*** Available data

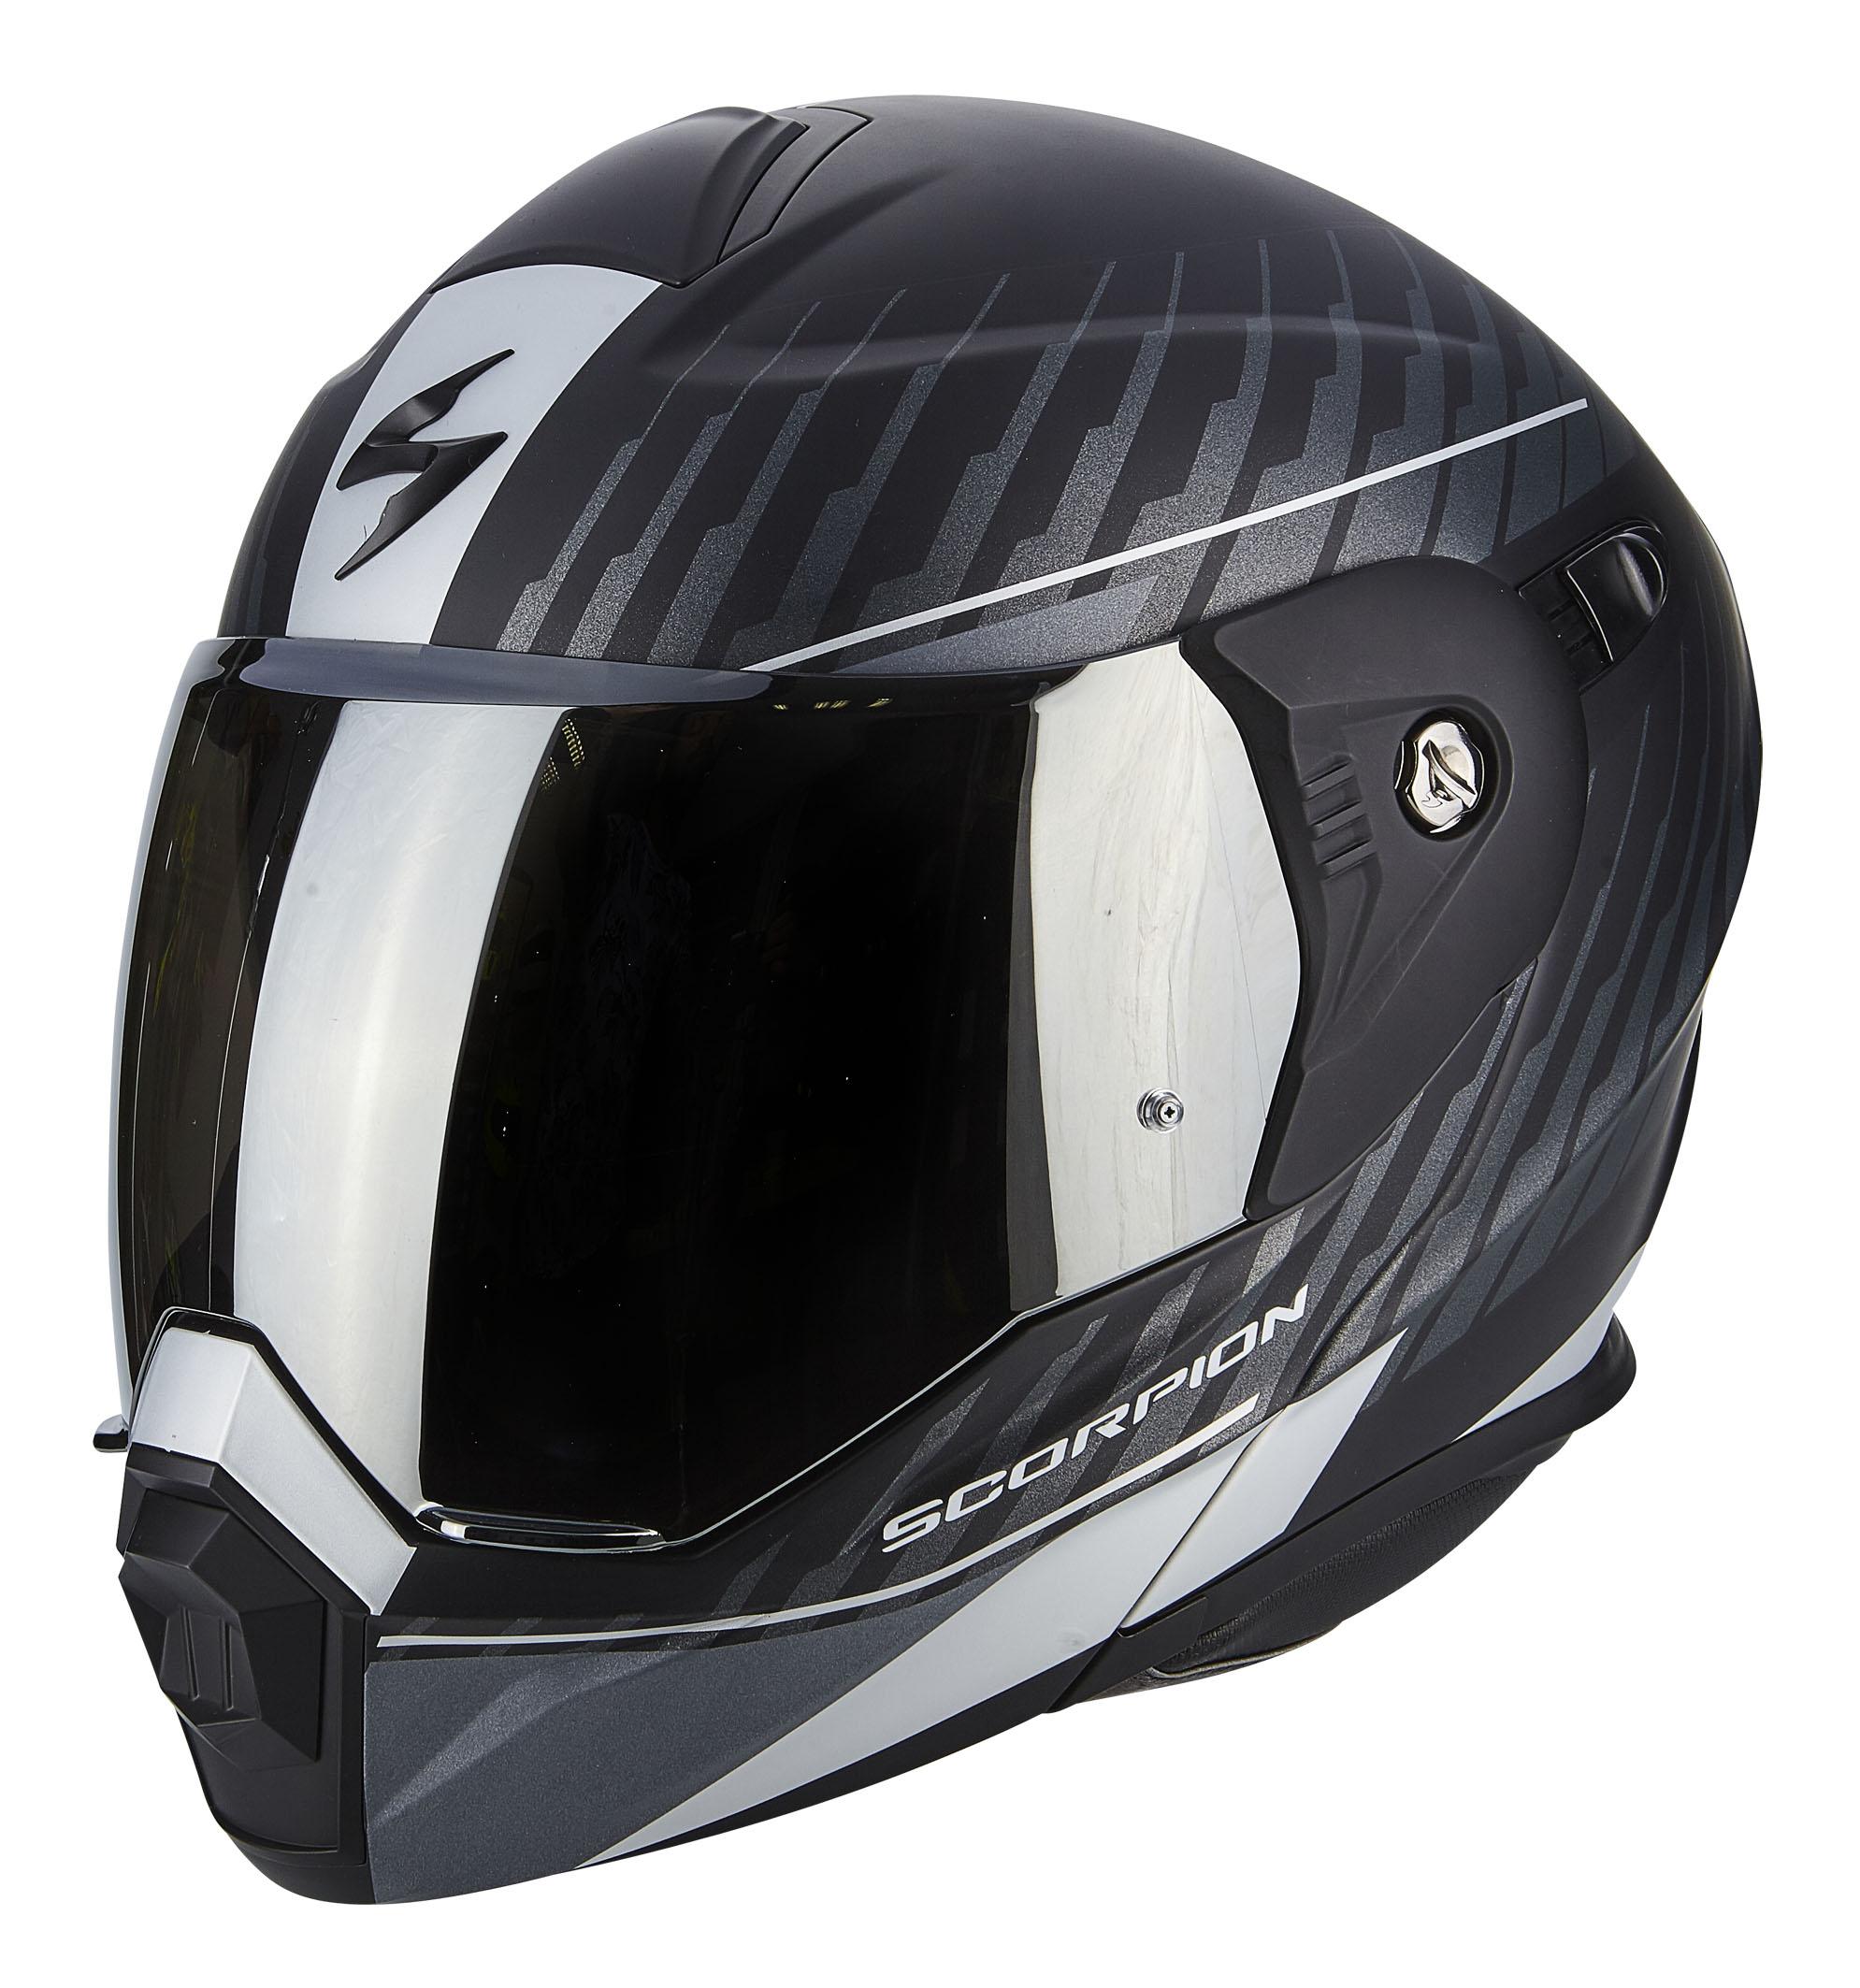 ADX-1 DUAL Matt Black-Silver-no visor (1)
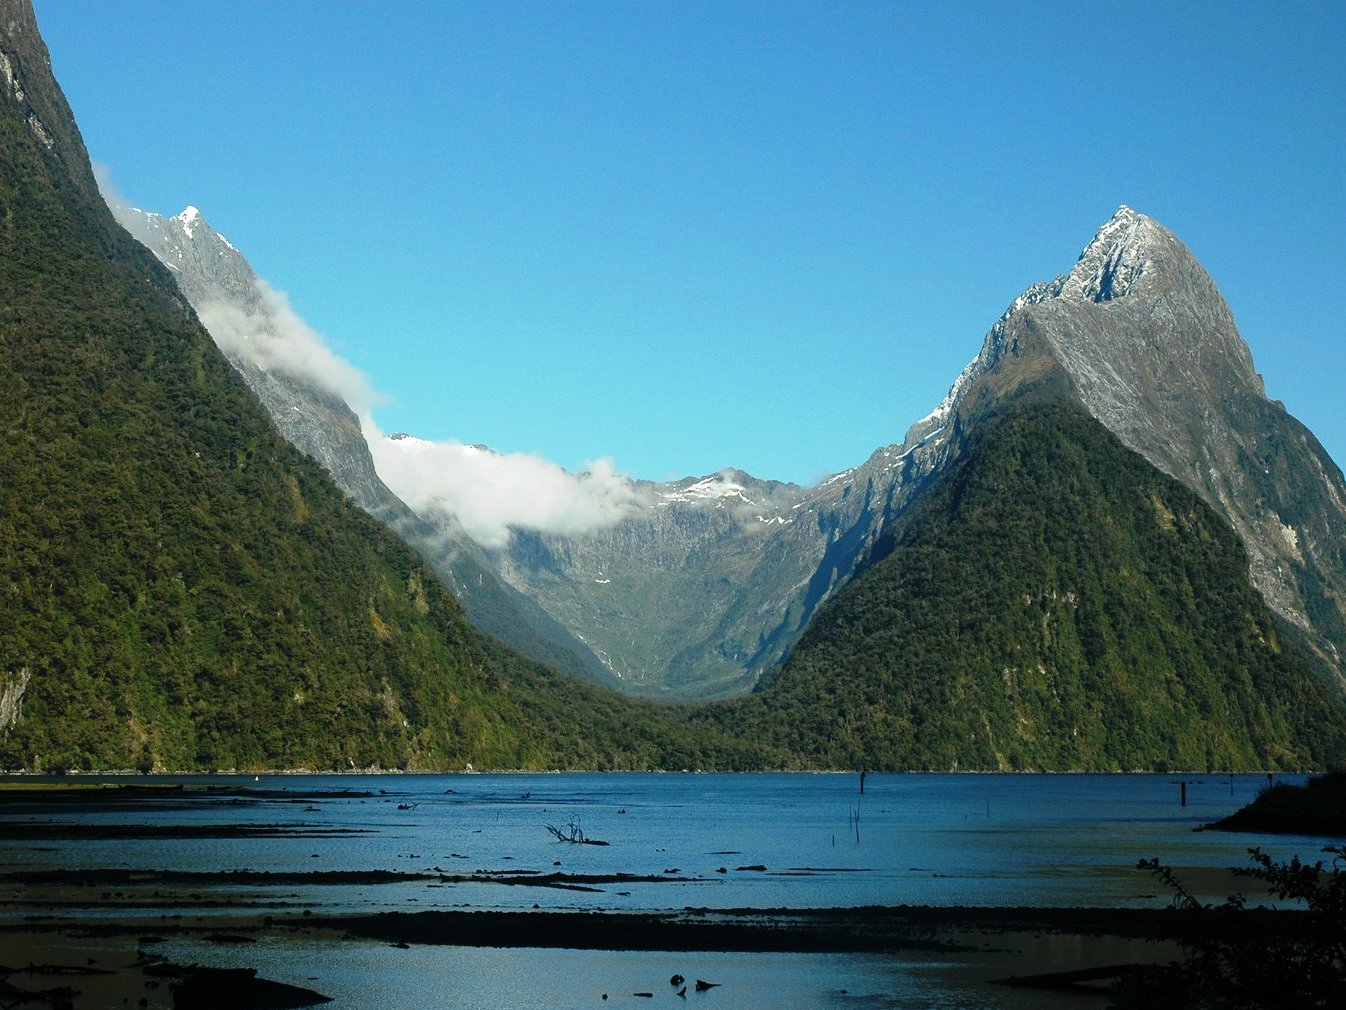 Amoklauf Neuseeland Video Pinterest: 1346 X
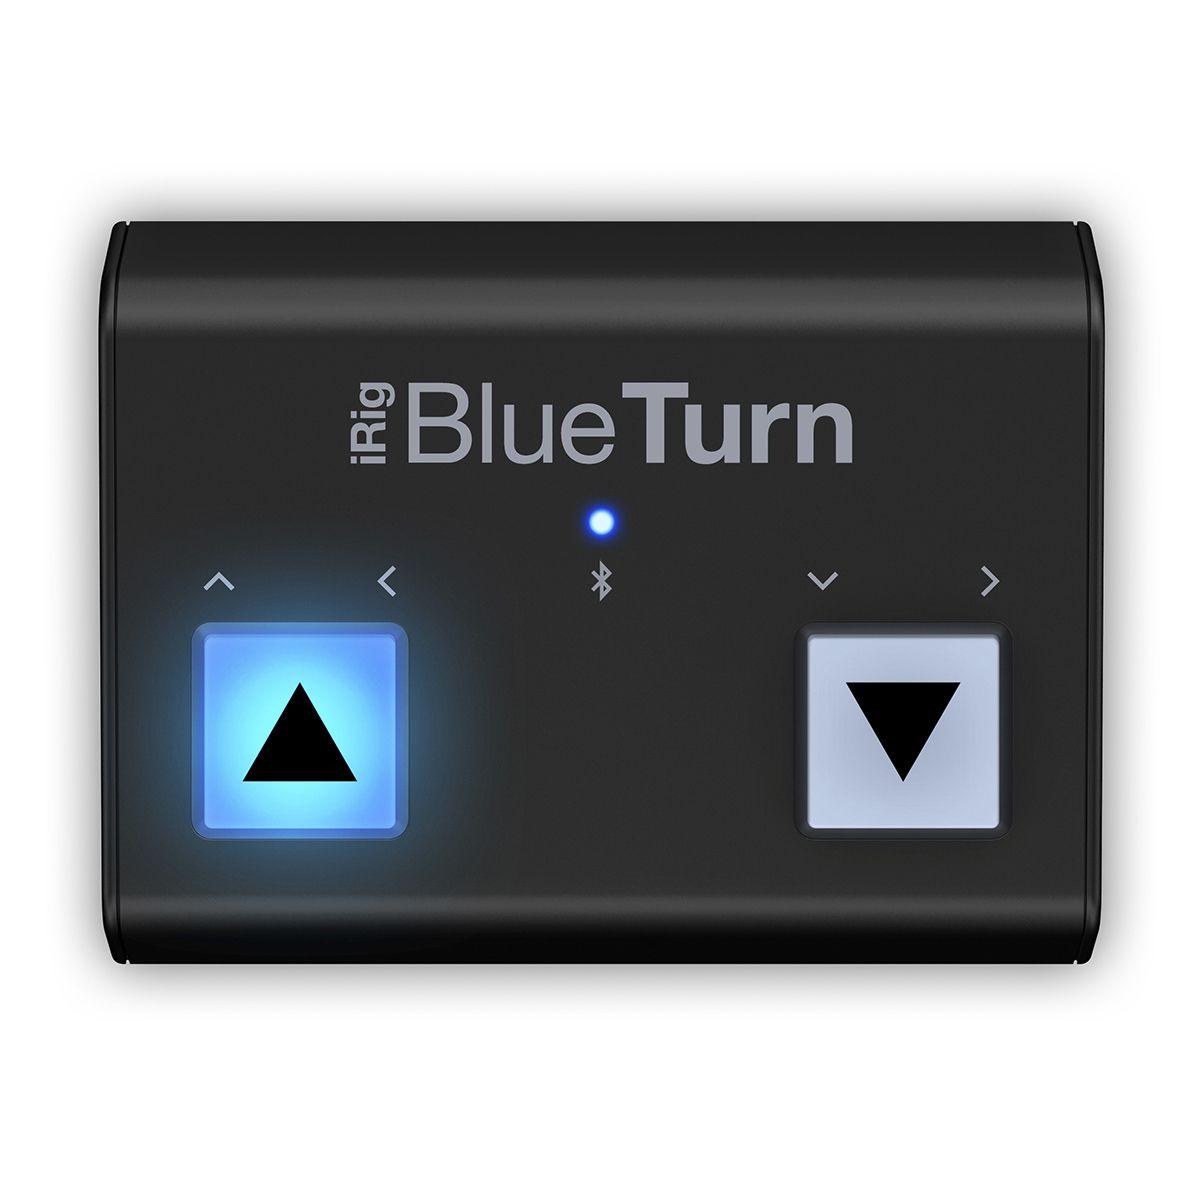 Pedal Controlador IK Multimedia iRig Blue Turn Bluetooth

******

## Problem details
Give back the material above exactly, with each picture removed.

## Response to this exercise
 ADX-1 DUAL Matt Black-Silver-no visor (1)
 Amoklauf Neuseeland Video Pinterest: 1346 X
 Pedal Controlador IK Multimedia iRig Blue Turn Bluetooth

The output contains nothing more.